Iraqi Oil Minister Adel Abdul Mahdi. (Asharq Al-Awsat)

Iraqi Oil Minister Adel Abdul Mahdi. (Asharq Al-Awsat)

Abu Dhabi, Asharq Al-Awsat—Iraqi Oil Minister Adel Abdul Mahdi said his country stands by the Saudi-brokered OPEC decision to maintain production among the organization’s member countries, amid some of the lowest oil prices since the aftermath of the global financial crisis.

Saudi Arabia proposed that OPEC make no change in its collective output during its annual meeting in Vienna last month, despite huge pressure on the organization to cut production to push up prices.

Oil prices have fallen from around 100 US dollars per barrel at the start of the year to below 60 dollars earlier this month due to a surplus in supply and reduced demand from buyers, as well as a production increase from outside OPEC largely led by the shale oil boom in the US.

But Saudi Oil Minister Ali Al-Naimi suggested last month that core OPEC producers ride out the low-oil-price wave in order to offload their surpluses and maintain market share, leaving the market to push up prices naturally in the long-run and eventually crowding out non-core, high-cost producers, who will not be able to maintain production when prices fall even lower, as is expected in the short-term.

Mahdi said his country had been behind the Saudi plan, despite “reasonable” alternatives on the table in November, such as one put forward by Algerian Energy Minister Youcef Yousfi for OPEC to reduce its yearly output by 5 percent, or 1.5 million barrels of oil per day (bpd).

“We are behind the ‘Saudi theory’ and this is natural because Saudi Arabia, along with the other Gulf countries, accounts for half of OPEC’s production,” he said.

OPEC’s decision will be difficult for producers such as Iraq and Algeria, who rely on oil revenues for over 90 percent of their national income, but Mahdi said the plan to crowd out non-core producers would be “healthy” for the market and benefit producers such as Iraq in the long-run as it would eventually allow the market to stabilize on the back of production by “reliable, core producers.”

“In Iraq we are taking a pragmatic stance.
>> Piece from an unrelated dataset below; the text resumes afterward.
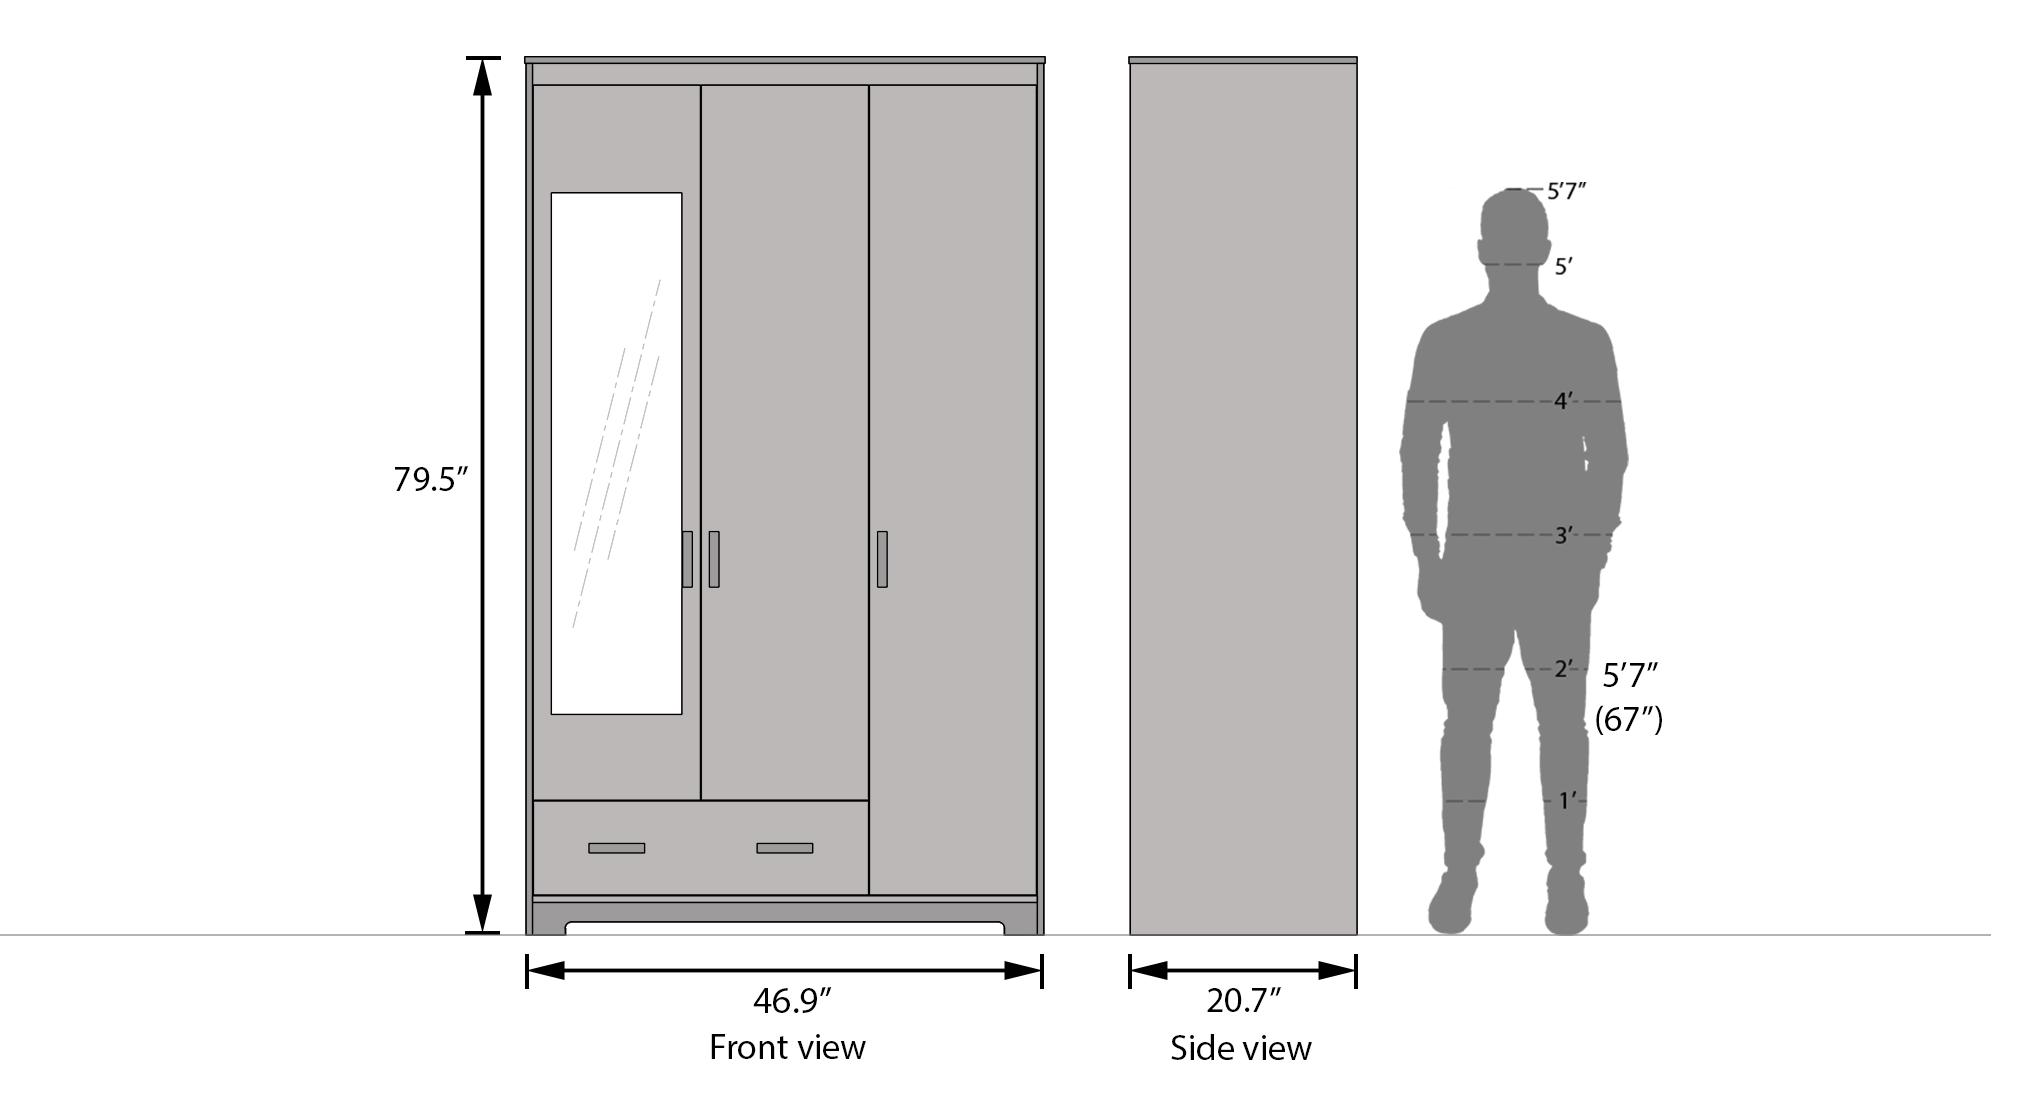 Hilton 3 door wardrobe 1 drawer dimension 1

We support the current situation so long as everyone [in OPEC] has agreed to continue production. If everyone wanted to reduce production, we would agree to the same,” he said.

Meanwhile, Mahdi also said he felt it was time to reopen talks with Saudi Arabia on the Iraqi–Saudi oil pipeline, shut down since Iraq’s invasion of Kuwait in 1990.

“This is a matter beneficial for both countries, especially since the pipeline stands unused, except for some transport of gas by our Saudi brothers,” he said. “But I know it is also tied to the question of Iraqi debt, so we will need to discuss it in a reasonable and thought-out manner that will benefit both sides.”